Attending 2 User Conferences, Part 1
So I’ve spent some time recently at a couple of pretty important industry user conferences looking, learning and listening. In part 1 I’ll start with what I learned, and part II will be a little sight seeing (the fun part). For conference #1, I got an invitation from Steve Wuerdeman of HP to go to the Dscoop conference (Digital Solutions Cooperative), which is an annual user conference of HP Indigo owners. Although we don’t own an Indigo digital press, I was completely blown away by this little eco-system of print professionals. Not only is the Indigo digital press one the Cadillac’s of digital press industry, these folks seem determined to work together, help solve each other’s problems and maintain their own community. There were a lot of supporting vendors there, but the biggest story was the collaboration that these users shared. It was in Washington DC, but I’m betting at least 1/3 or more were from abroad…that says something in itself. And the keynote speech was given by Alon Bar-Shany, GM of HP’s Indigo Division out of Israel, and it was given in the vein of a Steve Jobs Keynote…just very technologically inspiring, especially considering Alon’s a little bit of a long hair that rocked out on guitar with the band the following night. From going to my share of specific breakouts, to walking the vendor floor, I really got the feeling this group was slowly separating themselves from the traditional print industry in a really good, innovative way.

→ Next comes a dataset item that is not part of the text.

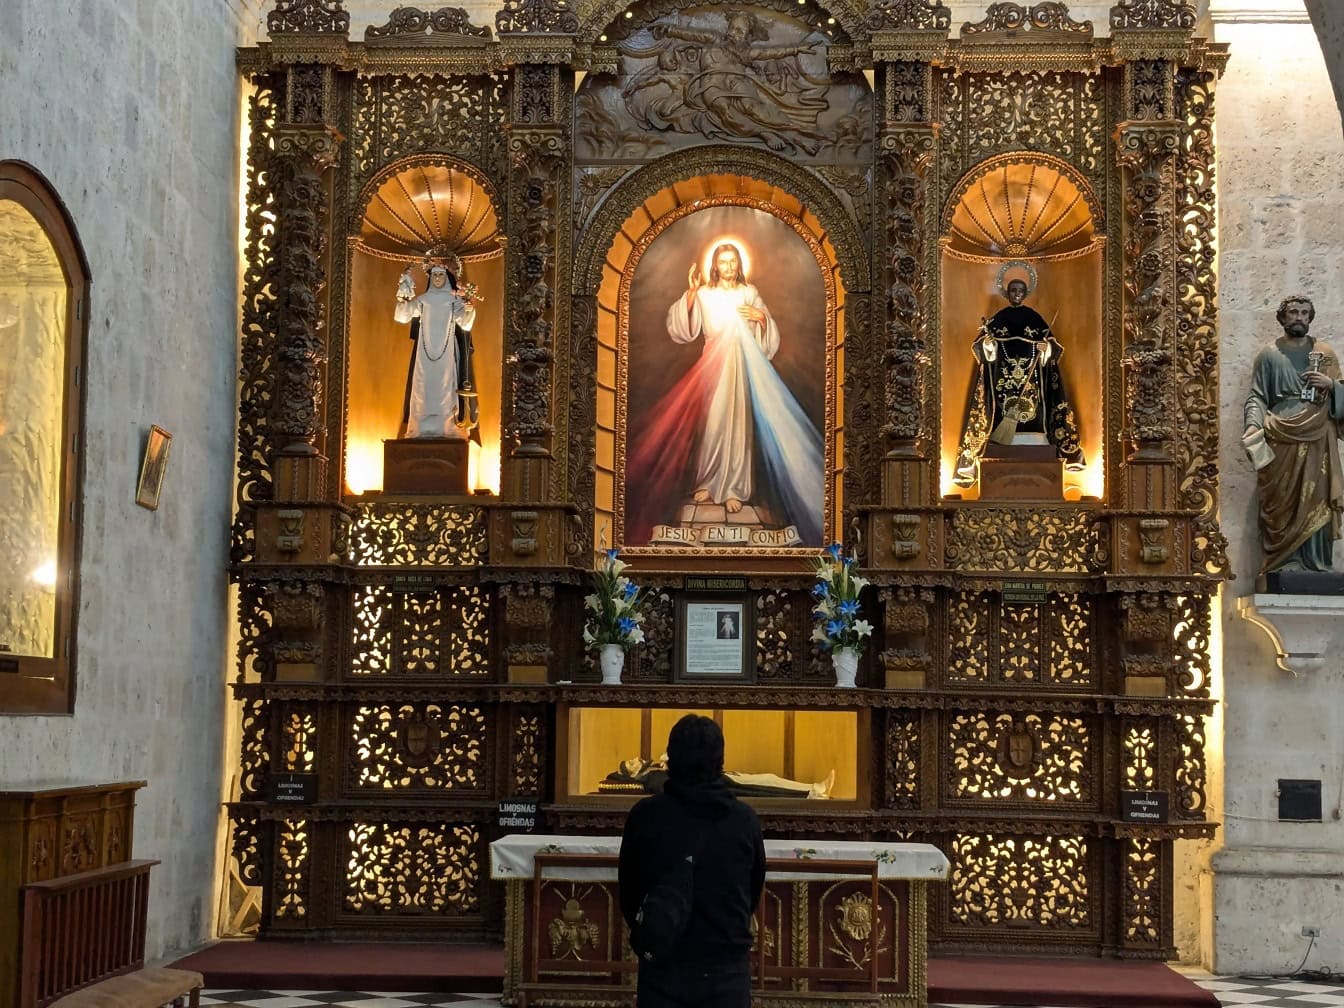 Henkilö, joka seisoo ja rukoilee koristeellisen alttarin edessä, jossa on Jeesuksen Kristuksen ikoni katolisessa kirkossa
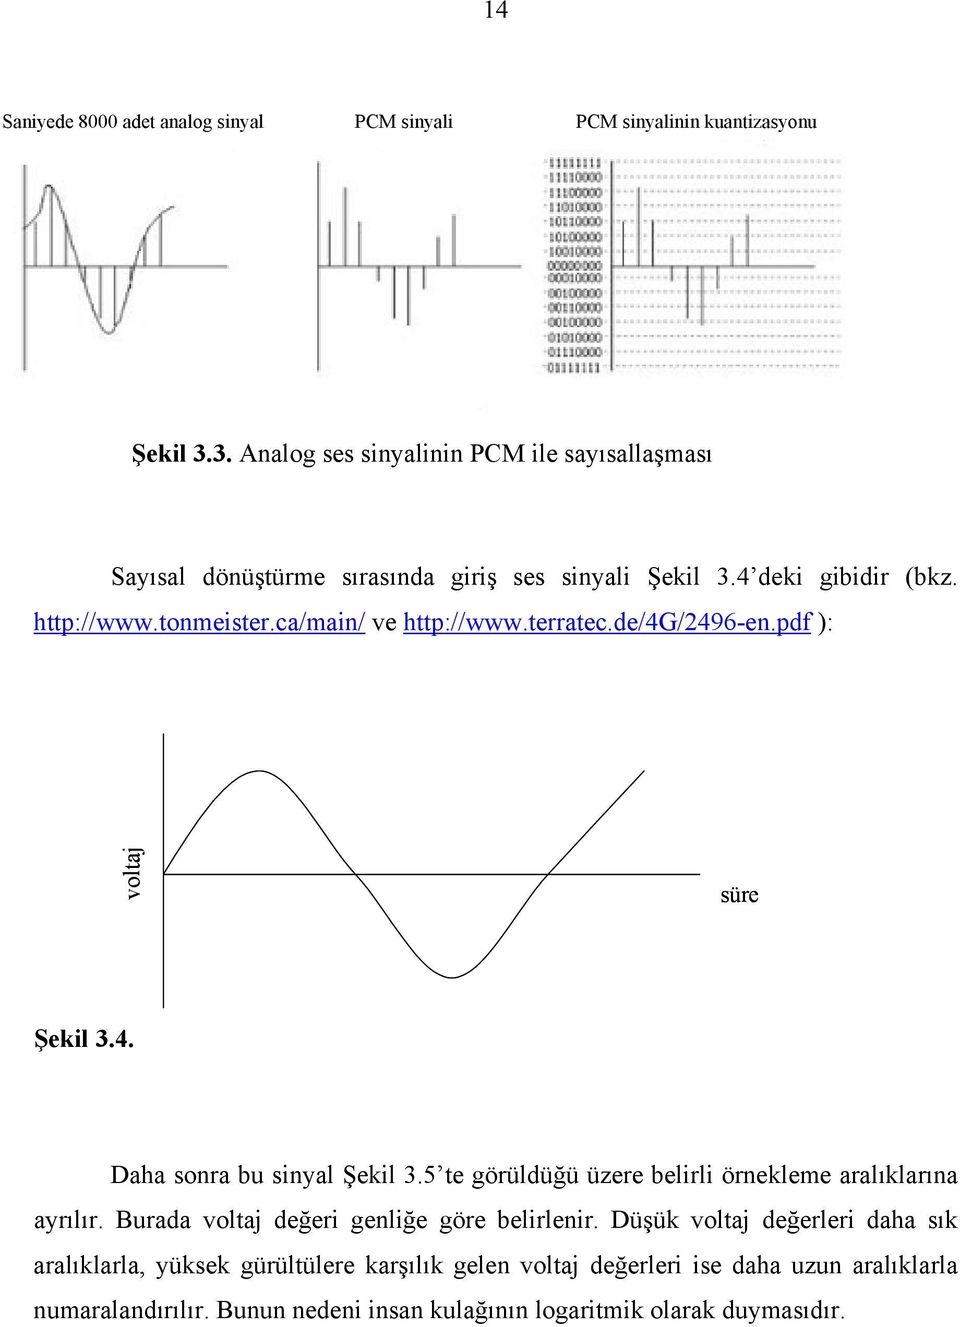 ca/main/ ve http://www.terratec.de/4g/2496-en.pdf ): voltaj süre Şekil 3.4. Daha sonra bu sinyal Şekil 3.

So after a quick canoeing trip to PA, I was lucky enough to head on out to Las Vegas to the EFI Connect 2012 show, a users conference of folds who use all kinds of EFI products. I was there as a Printsmith user, although we have a few Fiery RIP’s driving our digital presses. EFI (Electronics for Imaging) makes all the Fiery products (Engines for copiers and digital presses), as well as what used to be estimating systems for printers, which have really morphed into MIS systems for printers and some high end wide format Ink jet solutions. Anyway, once again, I think there’s more to learn outside of the classroom than in it. Saying that although, I’ll give EFI and P credit for having a stellar classroom schedule. The chance to be in small classrooms with the actual product managers, the developers and the service managers gives you a real close feeling to the product. And I felt a little better at this conference, as I was actually a user of EFI products, not just a visitor.
The biggest message at this conference was integration, getting all of our software driven products to talk to each other and really work the way promised. I remember somebody telling me 10 years ago that it would start with islands of automation….little parts of production talking to each other and then it would get better. That’s happening now, the islands of automation are getting bigger. This can be seen in the 4 different levels of MIS systems that EFI makes for all sized printing companies. Then a good example of the integration happens when you outgrow one solution, and the migration path to the next is smooth and seamless. Or all the modules that a system like Printsmith has (Scheduling, Web-to-Print, Data Collection, and other plug-ins) and they all integrate smoother than ever. As we have said in previous blogs, the systems we have now can do so much, its a matter of continuous learning and training.
And I can’t finish without talking about Ricoh and Expedx, 2 fairly valuable partners. Our newest digital press is a Ricoh C901 Production digital press, and we are really happy with it. With the Plotmatic book maker on 1 end, and the Fiery Rip driving it on the other, we are looking to increase out output to 100,000 to 200,000 clicks a month. The techs and the business boosters program have been great to work with. And Xpedx has an integration with Printsmith (our MIS program) so that every Sunday night, our system reaches out to Xpedx’s and updates prices and inventory levels. 10 years ago, this would have sounded great but had a hard time working, now I’m watching it work, scratching my head and saying “Wow”.